By computing the eigenvalue decomposition C = ZΛZT, it is possible to show [66] that the ˜p
(dominant) eigenvectors related to the ˜p largest eigenvalues indicate the dominant directions of
output variation. Thus, a good choice isU = [z1| . . . |zp˜].
Moreover, if the decay of the eigenvalues λ1≥ . . . ≥ λp0 is rapid (typically exponential) a very
low-dimensional subspace may be sufficient to capture most of the variation of the output s(µ0). In Fig. 4.6 we represent the eigenvalues decay obtained by the approximation (4.51) for the OAT and MR-OAT cases (in the former case R = 1 and the absolute mean effects are replaced by the parametric sensitivities (4.49)). In this case retaining ˜p = 1 eigenvectors is enough; moreover,
from Fig. 4.6 it is possible to see that in this (lucky) case the components of the first eigenvector return the most effective parameters already selected (see Fig. 4.3-4.4).
Part III
Applications
5
Optimal design of cardiovascular
prostheses
In this chapter we present the main application driving the development of the reduced framework introduced and analyzed in the previous parts. Our focus is on the reduced solution of optimal design problems related with cardiovascular prostheses, such as bypass anastomoses. We introduce the main features related to the optimal design of cardiovascular prostheses, then we give a brief description of the physiology of the cardiovascular system and the most important arterial diseases such as atherosclerosis, highlighting the strong correlation between blood flows and vessel geometrical configurations. Then, after providing a general framework for modeling the optimal design of end-to-side bypass anastomoses we recall the main results achieved in the last decades and we show how the reduced framework discussed in the previous parts can be applied in order to face this problem. We present some results concerning (i) a simplified version of an optimal flow control problem, (ii) two shape optimization problems dealing with Stokes and Navier-Stokes flows and (iii) a robust shape optimization problem of particular interest in this framework.
5.1
Cardiovascular physiology and arterial pathologies
Cardiovascular diseases are the first cause of death in developed countries and nowadays several methods and tools provided by mathematical modeling and scientific computing prove to be very helpful in improving our understanding of the physiology of the cardiovascular system, as well as of the development of pathological processes. Thanks to the results achieved by computational fluid dynamics in several engineering contexts, numerical simulation of blood flows have become widespread within the bioengineering and medical research community. This is mainly due to (i) the availability of increasing computational power, (ii) the progress in imaging and geometry extraction/reconstruction techniques [213] as well as (iii) the availability of more and more efficient numerical algorithms. For a general introduction to modeling and simulation of the circulatory system we refer to the work by Quarteroni, Tuveri and Veneziani [259] and to some recent books [9, 100] which collect many contributes spanning over a wide range of topics.

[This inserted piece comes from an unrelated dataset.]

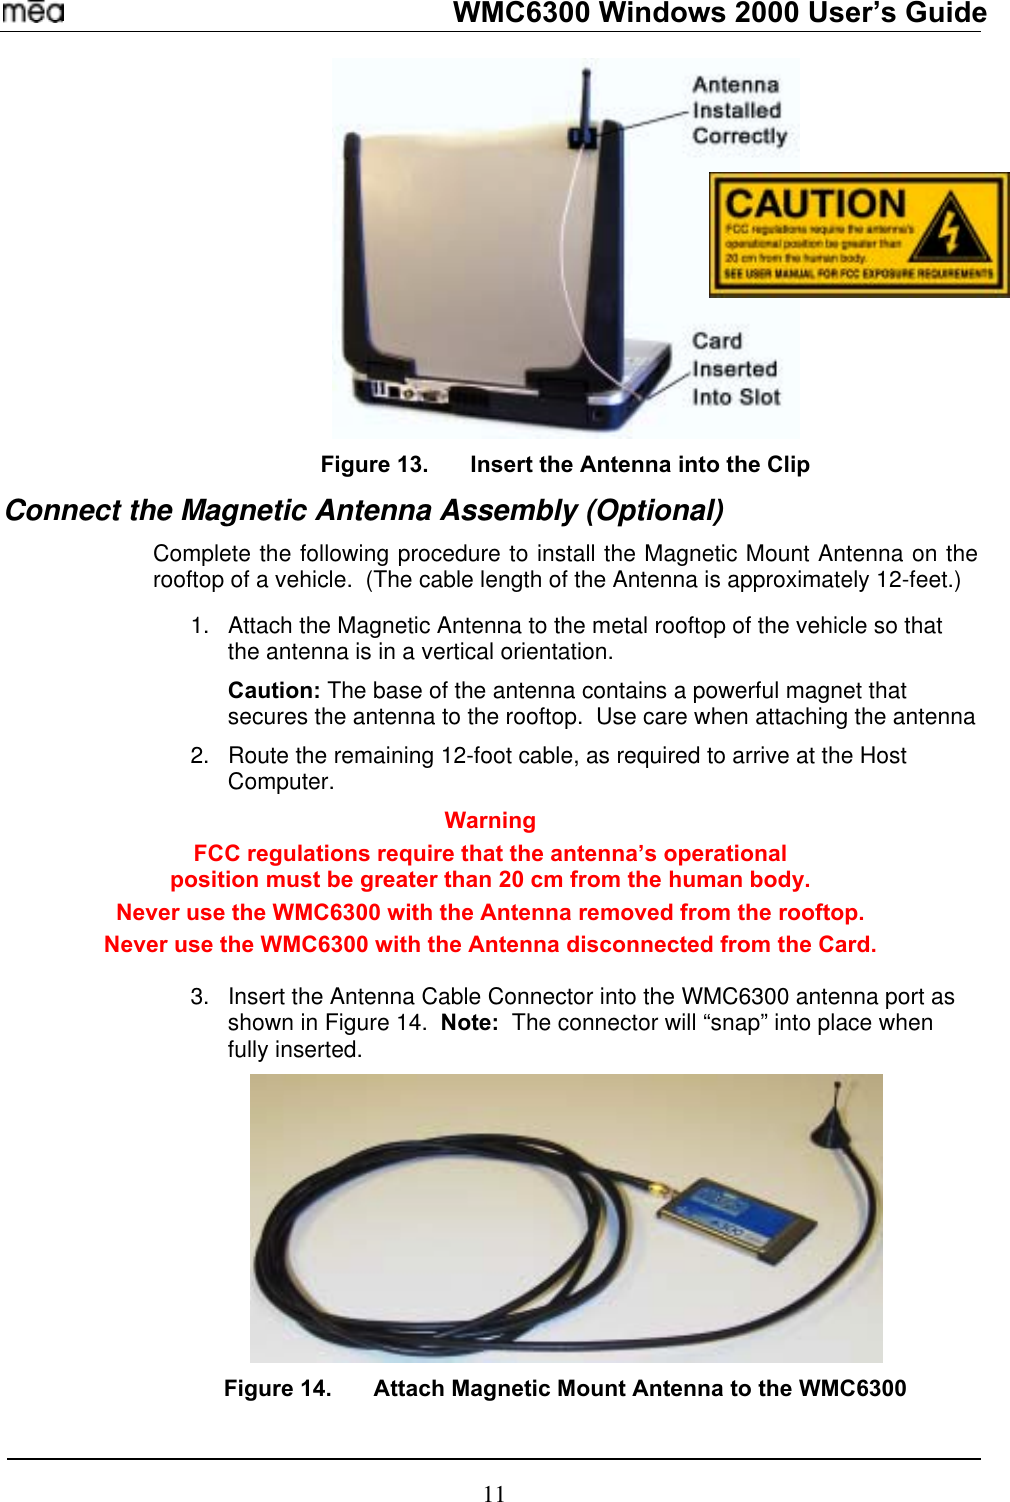   WMC6300 Windows 2000 User’s Guide  Figure 13.  Insert the Antenna into the Clip Connect the Magnetic Antenna Assembly (Optional) Complete the following procedure to install the Magnetic Mount Antenna on the rooftop of a vehicle.  (The cable length of the Antenna is approximately 12-feet.)  1. 2. 3. Attach the Magnetic Antenna to the metal rooftop of the vehicle so that the antenna is in a vertical orientation.   Caution: The base of the antenna contains a powerful magnet that secures the antenna to the rooftop.  Use care when attaching the antenna Route the remaining 12-foot cable, as required to arrive at the Host Computer. Warning FCC regulations require that the antenna’s operational  position must be greater than 20 cm from the human body.   Never use the WMC6300 with the Antenna removed from the rooftop. Never use the WMC6300 with the Antenna disconnected from the Card.  Insert the Antenna Cable Connector into the WMC6300 antenna port as shown in Figure 14.  Note:  The connector will “snap” into place when fully inserted.  Figure 14.  Attach Magnetic Mount Antenna to the WMC6300 11

The driving factor behind this development is the awareness that numerical models can provide quantitative descriptions of blood behavior in important vascular districts or in vessel networks, and to explain and assess the relationships between vessels shape, haemodynamics, and a family of clinical indicators. Among the latters we mention wall shear stresses, vorticity, viscous energy dissipations: they can be correlated at various extents to the risk of failure in bypass grafting [193], or artery occlusion in presence of stenosis [241], or the one of aneurysm rupture [222]. Such kind of analyses can also help in understanding how different surgical solutions may affect blood circulation.